Alice couldn’t believe it. She stared down at the check and watched as all the numbers blurred together while her eyes brimmed with hot tears. Her heart pounded in her chest, filled with love for her mother. From the very beginning her mother had been there for her … and now, she was here too.
Alice wiped her eyes and finally pulled together her thoughts. She looked over at Gabe and smiled, right before she kissed him square on the mouth in front of everyone. “This is enough money to rebuild the blacksmith’s and then have some to spare. We’ll be able to put in a garden and a vegetable patch and maybe we’ll even get a few chickens for the place. That way we’ll save money on buying eggs.”
Gabe chuckled, stunned by his wife’s innocence. “Alice, my dear, you’ve just inherited enough money to build a manor over on the hills, one so grand there would be more bedrooms than people and a washroom set aside just for the dog.”
Alice gasped. “We’re getting a dog?”
“If you want, but that’s not the point. You can have anything your heart desires.”
Alice let her eyes trail slowly around the room.

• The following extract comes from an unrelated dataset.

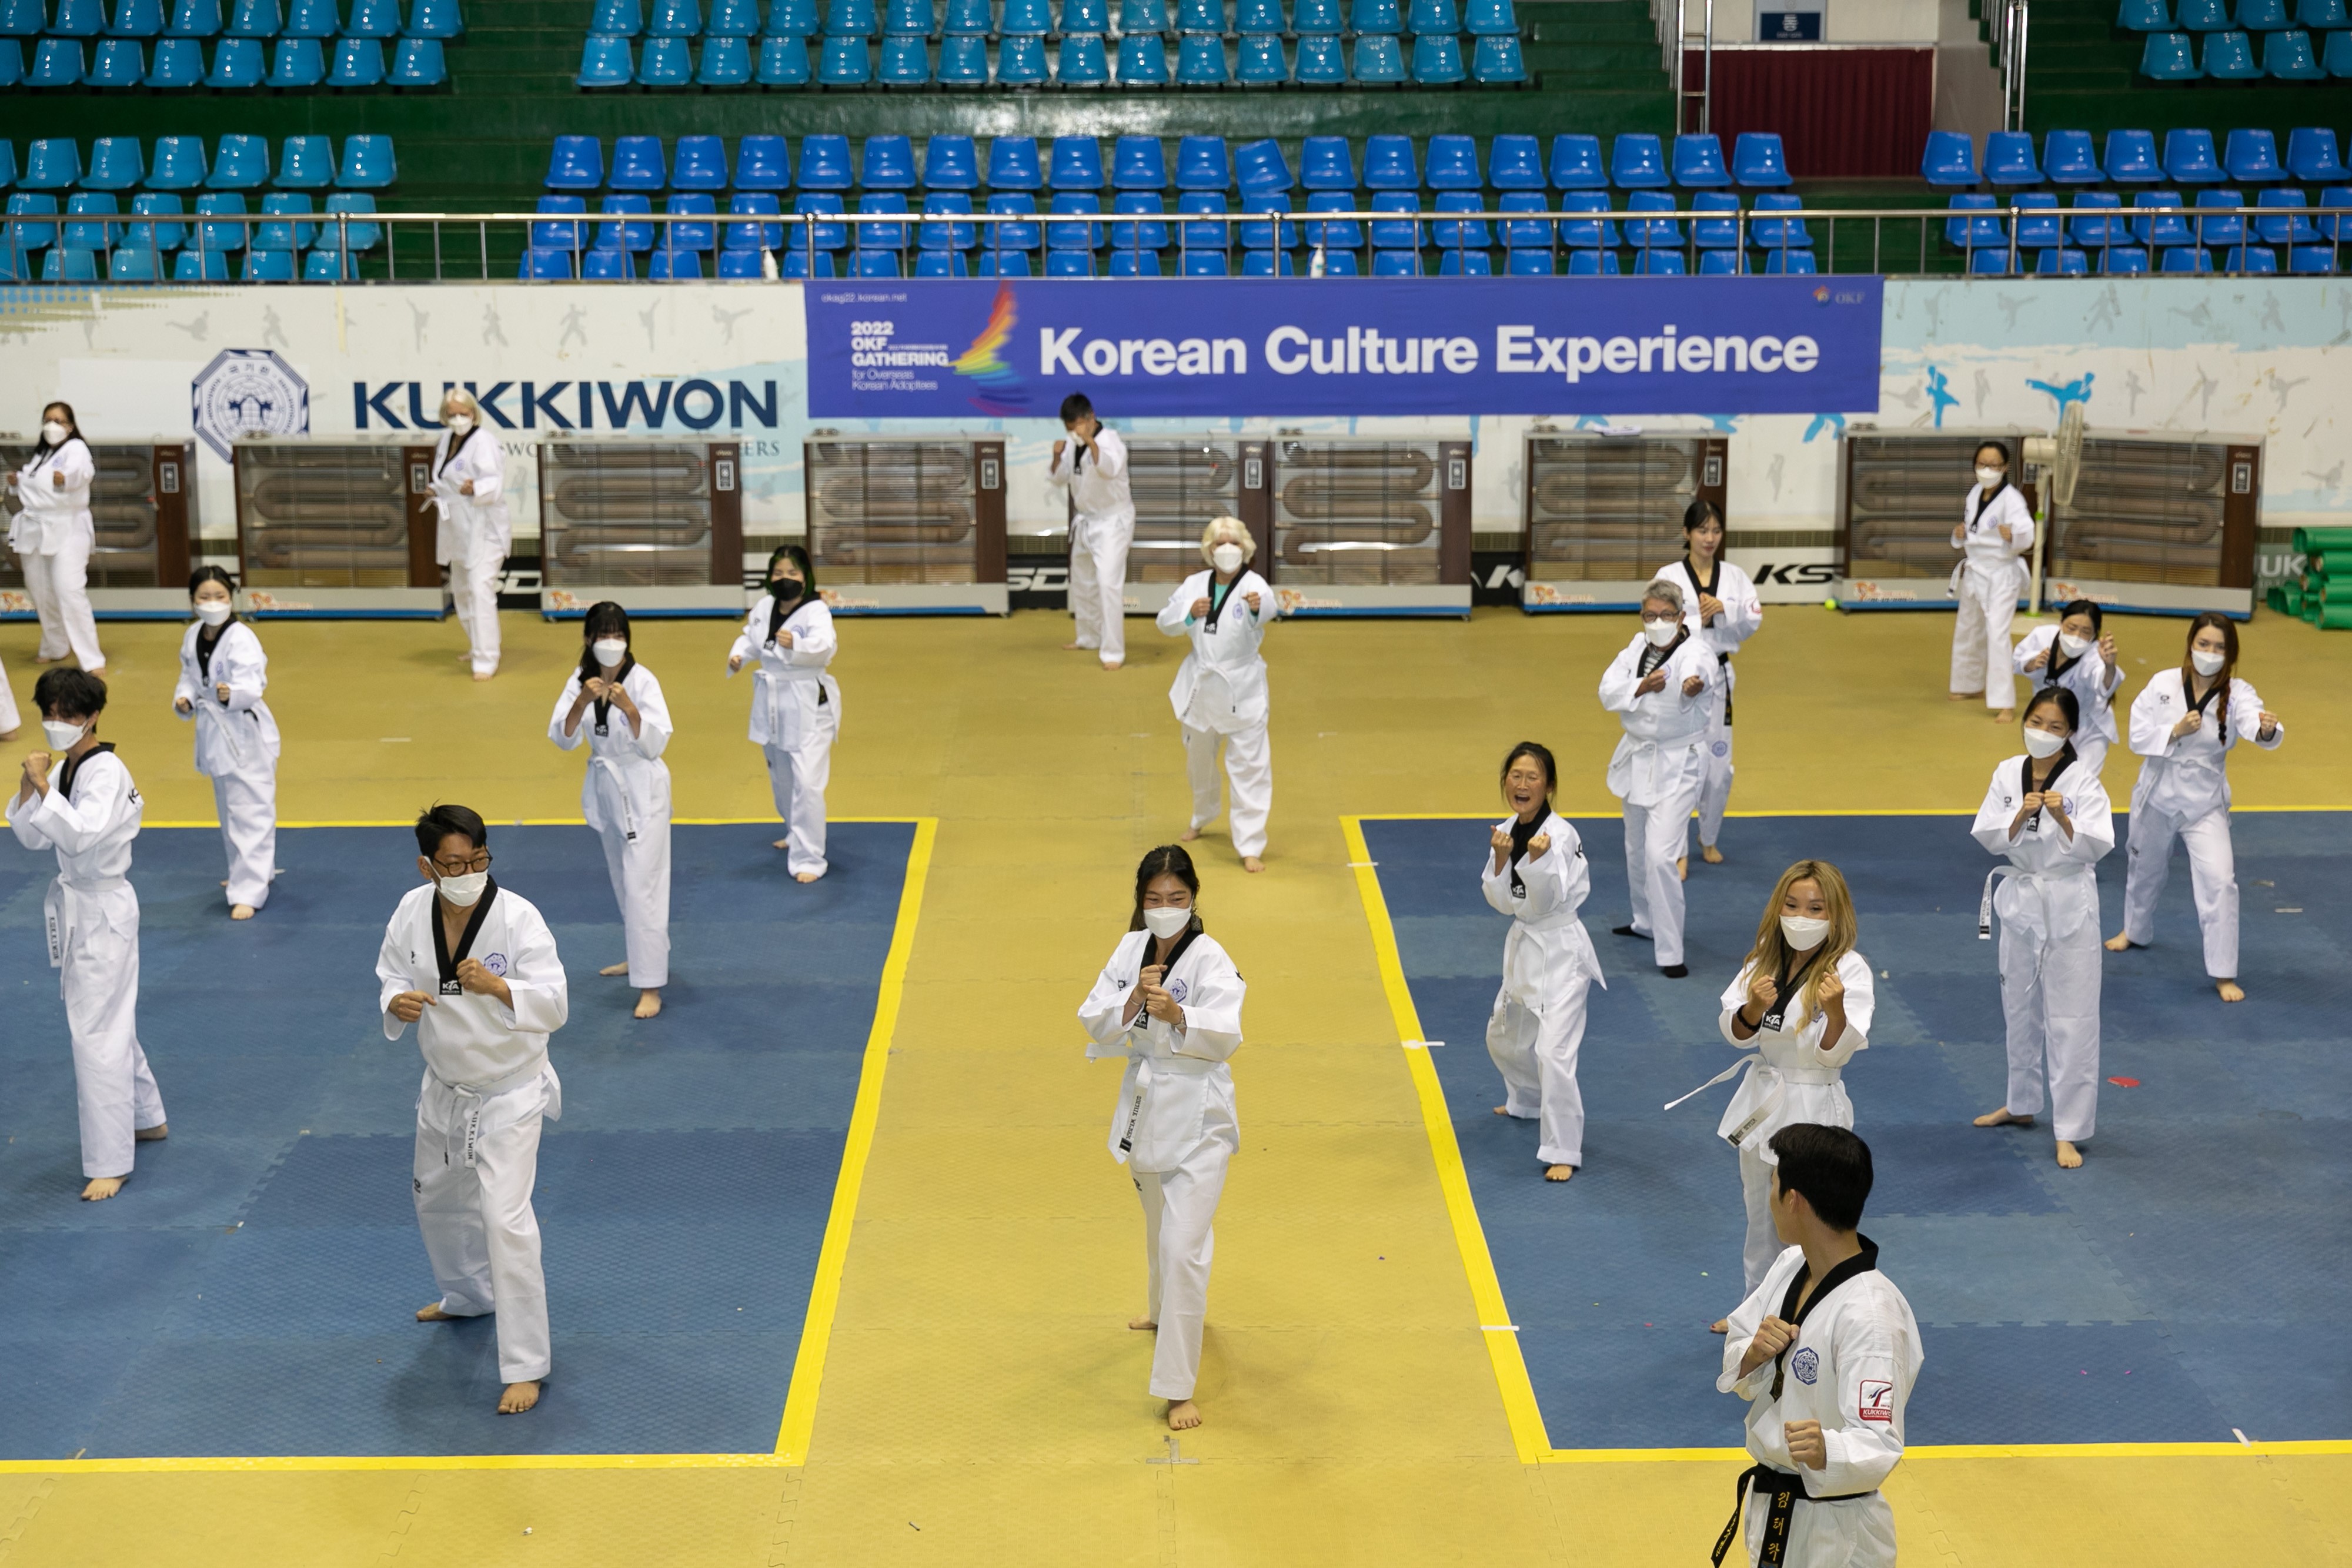 [Опыт корейской культуры | K-Sport] Усыновленные корейские дети учатся духу и мужеству нации, изучая тхэквондо, традиционное корейское боевое искусство
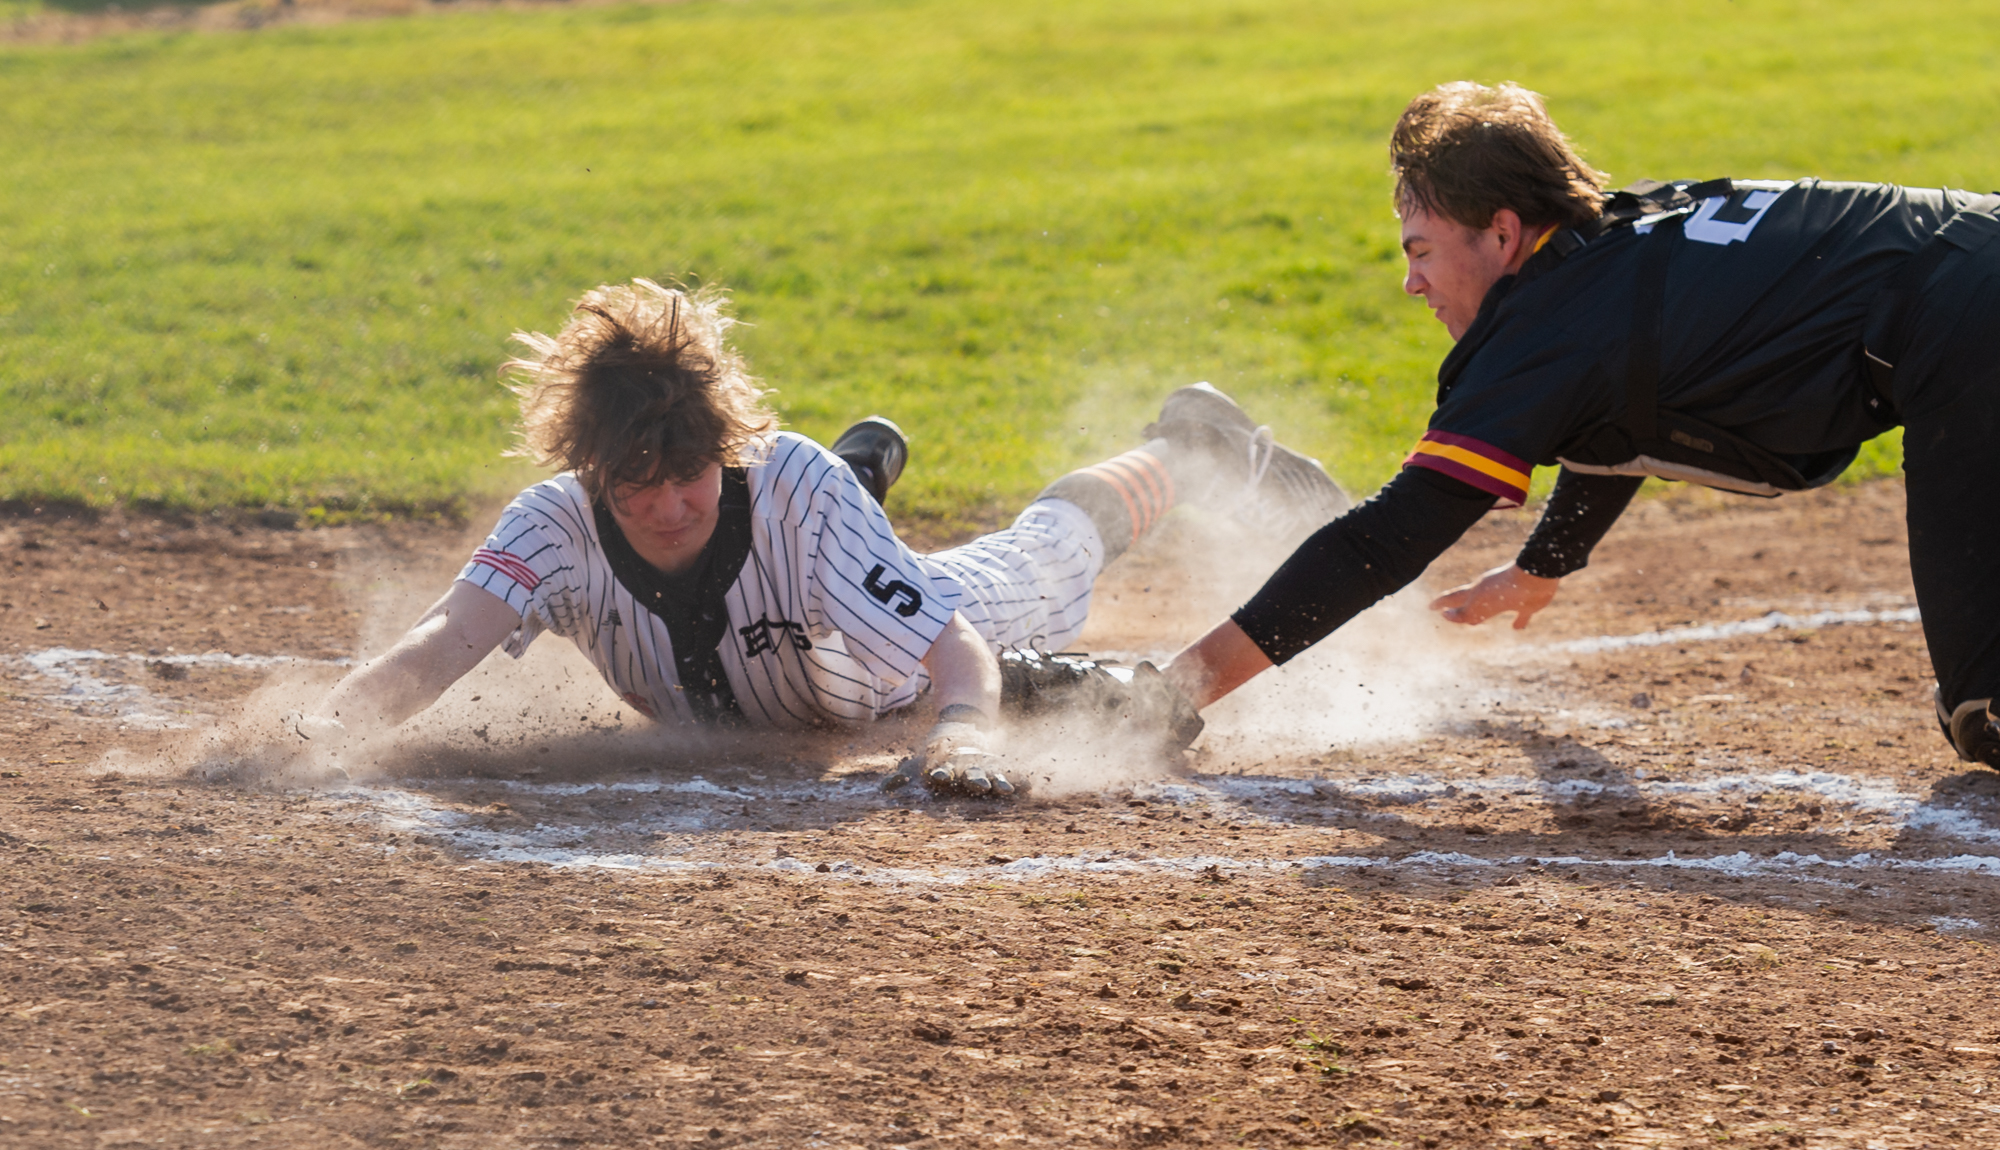 Baseball: Battle Ground vs. Prairie

Charlotte and Thomas were smiling over by the door, their eyes wide with surprise. Earl and Beth were there too, watching on with anticipation — though Junior had fallen asleep in Beth’s arms, softly snoring through his blocked nose while he dreamed of a life of happiness and laughter and babies and more animals running around the house than he could possibly muster.
Alice smiled to herself as she looked back up at the man she loved. The man with the messy mop of fair curls. Just like Junior, she’d spent her life dreaming of the very same thing.
“I have all my heart desires right here in this room. I can’t think of anywhere else I’d rather live than in that lovely home you built for us with your own two hands. You’re a wonderful man, Gabe, and y
ou have a wonderful family that I’m honored to be a part of. I want to use the money to resurrect your business and perhaps we might even extend the barn by a room or two. We’ll need all the extra space once we start making those babies you talked about in your letter.”
Gabe bit his lip. He didn’t expect her to say that out loud.
Thomas burst out laughing. “Well, looks like someone was a forward thinker, but if I know anything about baby-making, it sure ain’t gunna happen standing around a crowded saloon.” He looked around with a smile on his face and shouted for all to hear. “I say we call it a night and let these two get on with their honeymoon.”
Gabe and Alice couldn’t have agreed more.
And that night they talked and kissed and made love into the wee hours of the morning until there were no secrets left between them and no promises left broken.
Trust had brought them together, and love would see them through to the end.
Chapter 27
Dear Diary,
There aren’t enough words in this world to express just how very happy I am living here in Conrad!
Life in a small country town is wonderful and I’m constantly surprised by the kindness and the generosity of strangers. Never before have I felt so very welcome.
Gabe and I have been married for just over a month now and the love we share seems to have doubled in that short time. It turns out my husband is not only a very handsome man — with a wonderful sense of humor too — but he’s also extremely considerate and understanding and patient and … oh, listen to me rambling on, my head’s all over the place … but I’ve heard that can happen to a woman in the family way.
Yes, that’s right. Gabe and I just found out that we are expecting our first child … a Christmas baby no less. We can’t think of a greater gift from God to help us celebrate the festive season.
My only wish is that my parents were still alive to share in this wonderful occasion also, but I know they are both watching down on me from Heaven with their angel wings spread wide.